Фильмы очень похожи и по содержанию, и по форме. Это видеодневники службы в сухопутных и морских погранвойсках с авторским закадровым комментарием.
В «Духовных голосах» действие происходит на таджикско-афганской границе, конкретнее — на 11-й заставе Московского погранотряда группы российских погранвойск в Таджикистане. Застава обороняется от вылазок моджахедов. Режиссер и оператор проводят на заставе полгода, с июня 1994 года по январь 1995-го. Первая часть фильма на первый взгляд не имеет отношения к его дальнейшему содержанию. Это статичный, длящийся около пятнадцати минут план российского зимнего ландшафта, где время то клонится к вечеру — и тогда на опушке леса загорается костер и вдалеке движется какая-то фигурка, — то к рассвету. Это скорее видеоарт, чем кино. Автор за кадром рассказывает о Моцарте, Мессиане и Бетховене, звучит их музыка. Четыре остальные части — хроника заставы: возвращение из поселка на бронетранспортере, новенькие, отправка на дембель, развод на посты, дежурства, обед, жара, скука, рассказы о боевых вылазках. Хроника эта разворачивается в пейзаже, похожем на адский: горы образуют как бы воронку, где расположена застава. Увидеть во сне горы — к горю, сообщает народная мифология. Мальчику-солдату в полуденный жар в чужой долине снится российская зимняя сказка. Жара, инферно, постоянное жужжание насекомых, которые (по некоторым эзотерическим версиям) сопровождают грешников в аду. Крупные планы каких-то медведок и кузнечиков, крупные планы лиц и ног солдат. Убогий быт, непонятного назначения железяки и камни, как в «Сталкере». Бой с моджахедами в четвертой части, когда его уже не ждешь. В финале фильма солдаты встречают Новый год, и в их спальнях, над засыпающими, звучит вроде бы радио, а на деле — мировой эфир, духовные голоса, свидетельствующие о том, что высшему смыслу человеческой истории ценен и некрасивый Моцарт, неудобный гений, автор божественной музыки, и солдат, никому, кроме его родных и близких, неизвестный. (Неизвестный солдат, как у Мандельштама.) Над всеми во сне, брате смерти, и над его сестрою звучат духовные голоса. Они возникают из обыденных фоновых звуков: зудения насекомых, трэшевой дворовой музыки мирной жизни из кассетника; они маленьким радио переселяются в другой фильм, снятый через три года, в другую адскую зону, северную. Такой там будет пейзаж, северные невысокие горы, мрачный холод, лед, темнота.

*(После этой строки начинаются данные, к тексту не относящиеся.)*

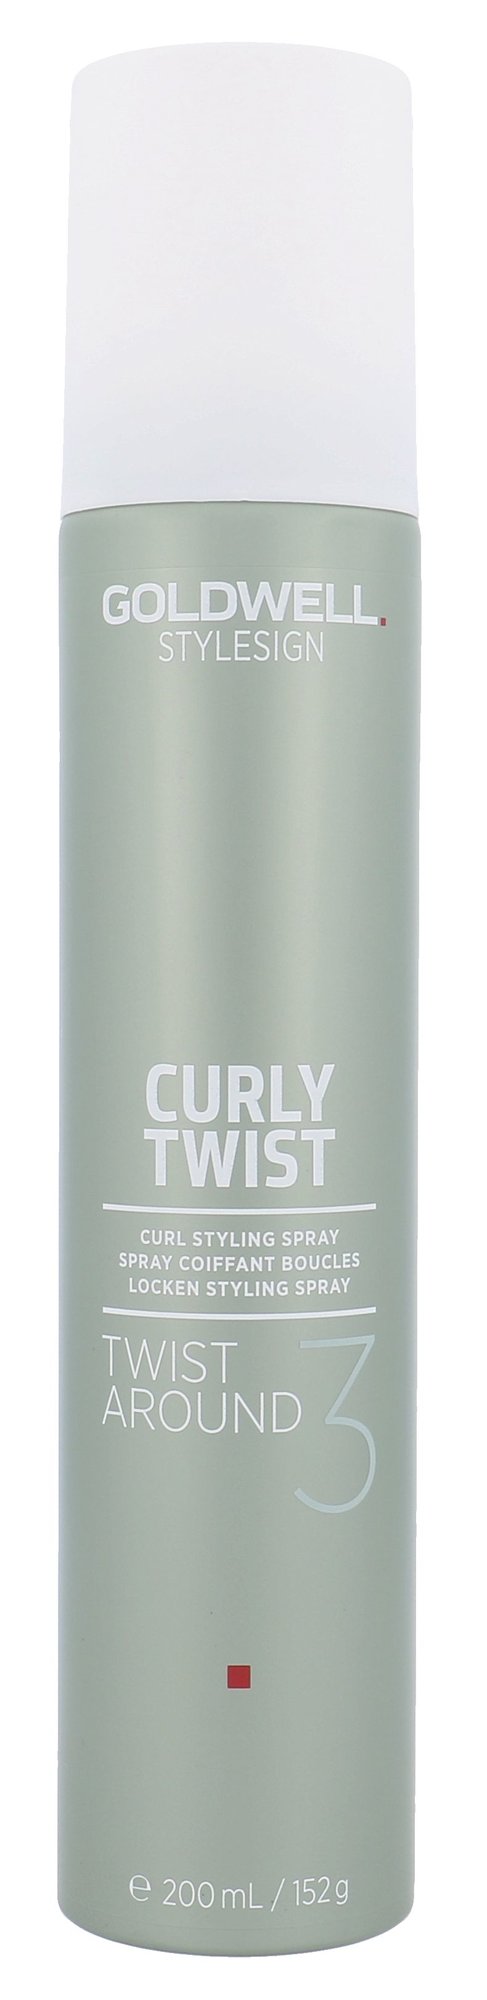 Goldwell Style Sign Curly Twist Twist Around

Кадр из фильма Духовные голоса
В «Повинности» съемочная группа проводит на одном из кораблей Арктической группы погранвойск в Заполярье около двух месяцев. Те же будни, только в непроглядной ночи и на промозглом влажном холоде. Молодые капитаны, подавленные тем, какие формы имеет воинская повинность, маленькие матросики, учеба, стыдноватый казарменный медосмотр на глазах у всех, баня, работа на палубе, муштра салаг боцманом, снова сон, брат смерти, побудка, камбуз, работа на берегу. Смысловая кульминация фильма, важная для того, каким путем пойдет далее мысль Сокурова, уже не в этом фильме — погрузка матросами угля на корабль в северном поселке на Беломорье. Капитан (от его имени ведется рассказ) наблюдает за ними, и его настигает одно виденье: «Я порывался спросить у солдатиков: братцы, из какого вы времени? Не сошел ли я с ума? Парень, ты заблудился, тиран умер, и теперь этого делать не надо. Ему показалось, что он прокричал все это, но его не услышали. Потом кто-то стал кричать, что начинается отлив, и с остатками угля плот возвратился к своему кораблю». И далее: «Когда-то день за днем смотрели на эту ужасающую простоту рабы тридцатых годов, строившие и эту перемычку, и старые причалы. И я смотрю, подумал командир».
Интонация «Духовных голосов» — толстовская, «Повинности» — чеховская, с цитатами из «Острова Сахалина», самой мрачной книги писателя; есть мнение, что поездка на Сахалин очень изменила его мировоззрение, сделав безвозвратным мизантропом. (Капитан, герой Сокурова, читает «толстые книги старых людей», чтобы «не глупеть». Солдаты на отдыхе постоянно читают.) Но в этом месте повествования «Повинности» просвечивают Солженицын и Шаламов. И самое важное в авторском тексте, что повторяет внутренний смысл чеховской экспедиции, что звучит как отчет правдивого, болеющего душою за народ, заболевшего в пути чиновника по возвращении к императору (где тот чиновник? где император? сколько тысяч ли нужно пройти?): «Все это нуждается не в реформировании, а в придумывании. Надо хорошенько подумать, какою должна быть армия. Ее надо придумать сначала. А может быть, и вся наша жизнь нуждается в том, чтоб ее хотя бы раз хорошенько придумали сначала? А может быть, кого-нибудь пригласить, чтобы нам придумали разумную жизнь? — записал капитан».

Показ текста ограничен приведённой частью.